SUPPLIED DATA
*-*-*
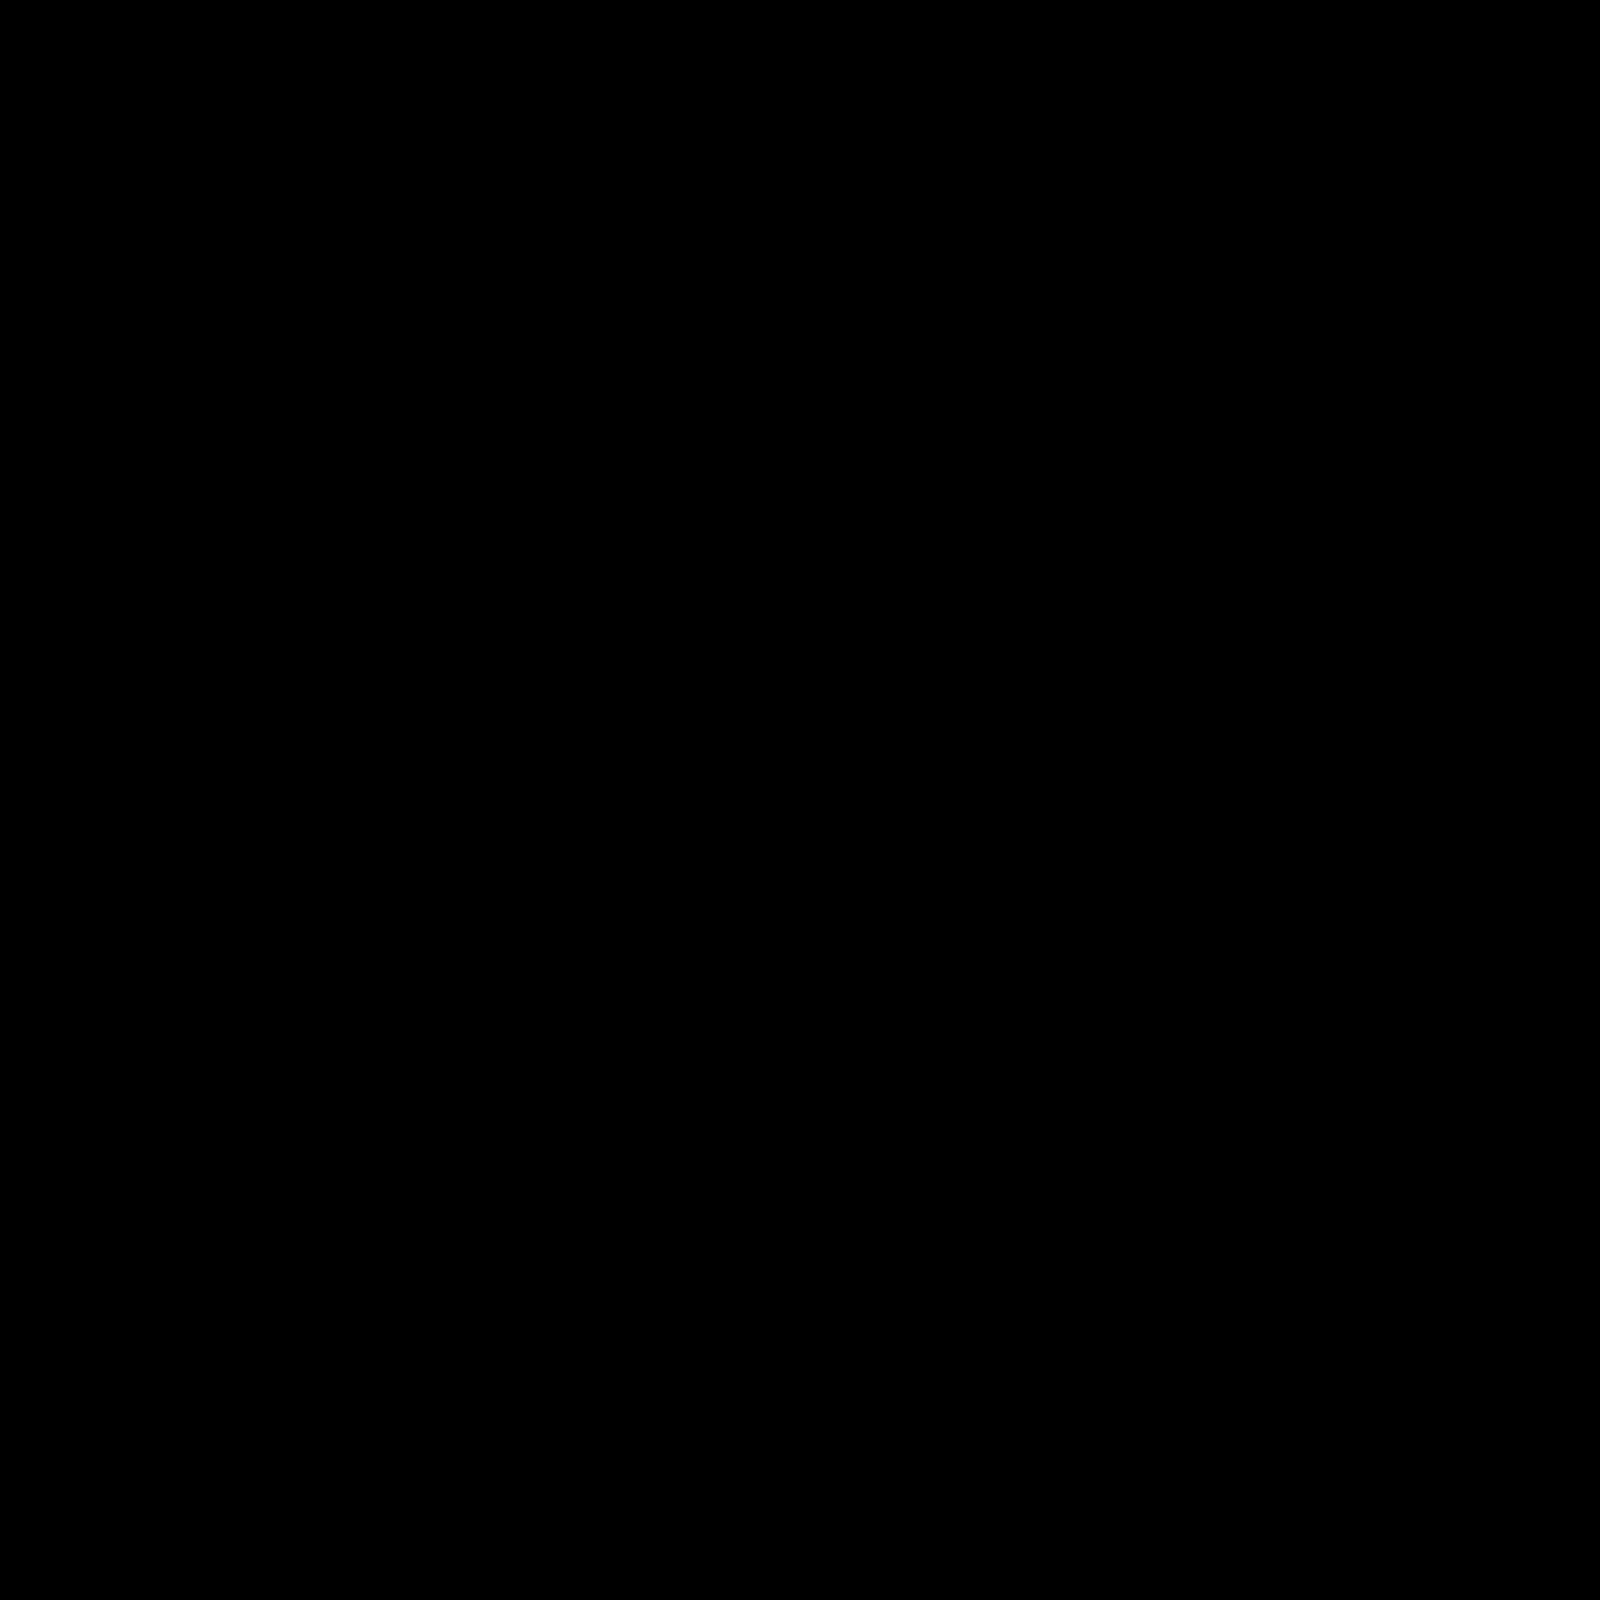 Event Management icon
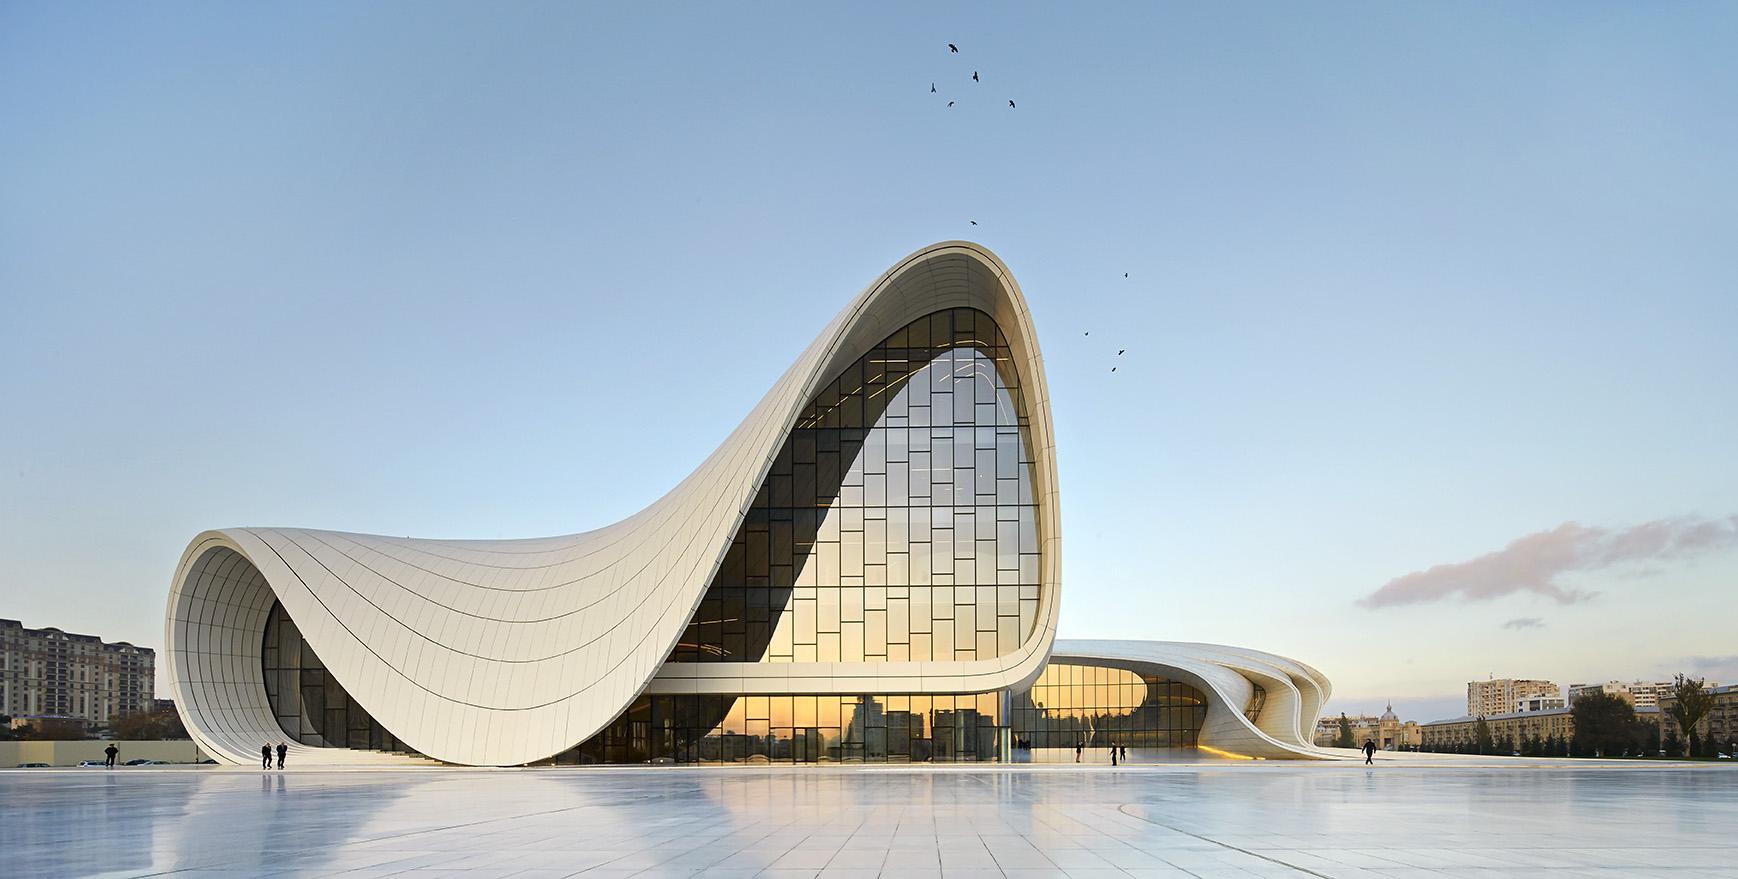 Heydar_Aliyev_Center
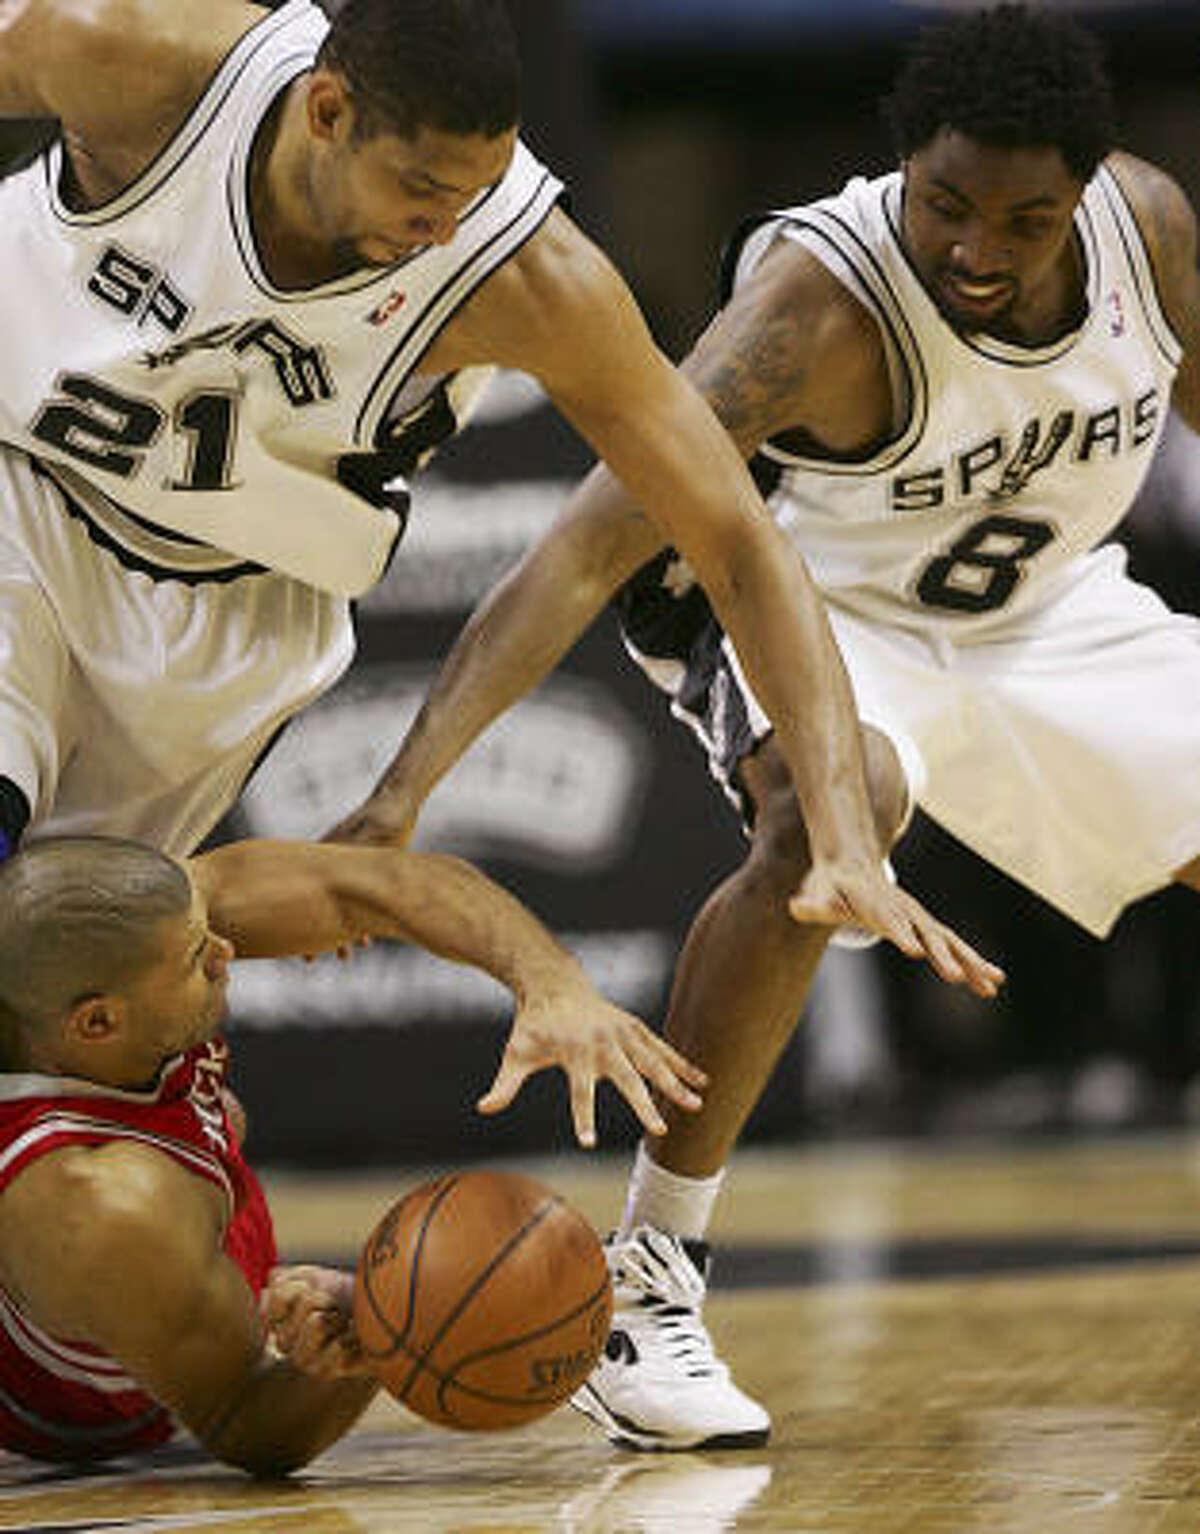 Spurs forward Tim Duncan (21) and Roger Mason Jr. (8) battle Shane Battier for a loose ball.
*-*-*
TASK GOAL
Wherever an image sits in the data, omit it; everything else must be copied exactly.

ANSWER TO THIS PROBLEM
 Event Management icon
 Heydar_Aliyev_Center
 Spurs forward Tim Duncan (21) and Roger Mason Jr. (8) battle Shane Battier for a loose ball.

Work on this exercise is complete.